By Honorable Raymond S. Uno, retired Third District Court Judge.


For me, Brown v. Board of Education was a significant case. It was one the engines that propelled the civil rights movement throughout the country. Raised in Ogden, Utah before WW II, our family moved to El Monte, California in 1938 where I was enrolled in a segregated school of about 500 Mexicans and a handful of Japanese. On December 7, 1941 Pearl Harbor was attacked by Japan. For people of Japanese ancestry, curfew was imposed between the hours of 8 pm to 6 am and a travel restriction of no travel beyond a 5 mile radius from our homes. Although my father was an American citizen and a veteran of the American Expeditionary Forces to France during WWI, the FBI came and thoroughly searched our house, taking whatever documents and material they thought important. I do not know if they had a search and seizure warrant.

On February 19, 1942, President Roosevelt issued Executive Order 9066 authorizing the forced removal of persons of Japanese ancestry from the West Coast. No criminal charge was filed, no counsel appointed, no trial held, no conviction entered, no sentence or appeal provided. In other words, there was no due process or equal protection under the law. I spent the next 3 plus years in the Heart Mountain, Wyoming concentration camp where my father died on January 21, 1943. As youths in these camps, ironically, we recited the Pledge of Allegiance when our classes started. When we came to the last phrase, we jokingly used to say "and justice for all" and would whisper, "except us."

Our jokes were substantiated by a harsh legal reality. In 1944, the United States Supreme Court held in Korematsu v. U.S. that it was constitutional to displace people in the name of national security. A year later, the Court upheld the curfew laws imposed on Japanese Americans in Hirabayashi v. U.S and Yasui v. US. On January 26, 1984, a federal District Court in Oregon granted the government's motion to vacate Yasui's conviction and dismiss the coram nobis petition. However the petitioner died in November 1986 before the appeal was decided. These cases raised a very interesting question: How is our government to determine which of its citizens are loyal? Currently, with the passage of the Patriot Act, I am not sure our rights as American citizens will be protected from the government. Having experienced what I have, I have some serious doubts.

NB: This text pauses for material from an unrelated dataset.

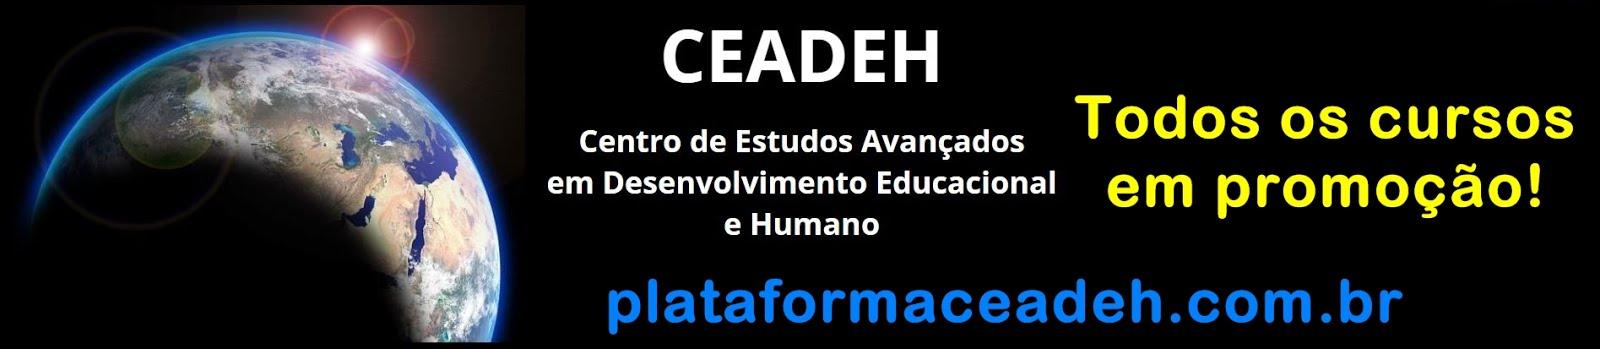 Clique na imagem para acessar os cursos do CEADEH

In 1953, after 4 years of military service as a Korean War Veteran (non combat in 44lst Counter Intelligence Corp), I enrolled at the University of Utah on the GI Bill. In 1954, I wrote a paper for my economic's class at the "U" on Employment Opportunities for Minorities in Salt Lake City. I interviewed people at the employment office, personnel directors at city government, retail stores, public utilities and banks. Very few had any minorities employed. A few had custodians but none had any who had customer contact or any type of meaningful work. A few years later, a group of us formed the Utah Citizens Committee for Civil Rights which included all the known groups involved in civil rights. We feverishly lobbied the state legislature to pass fair employment, fair housing, and fair public accommodations laws. We also pushed to repeal the anti-miscegenation statute. We tried for several years but failed. Only after the federal courts and government issued a mandate did Utah laws begin to change, and very slowly and grudgingly at that. Among people pushing for civil rights in Utah at that time, Utah was referred to as the Mississippi of the North. Has there been any meaningful change?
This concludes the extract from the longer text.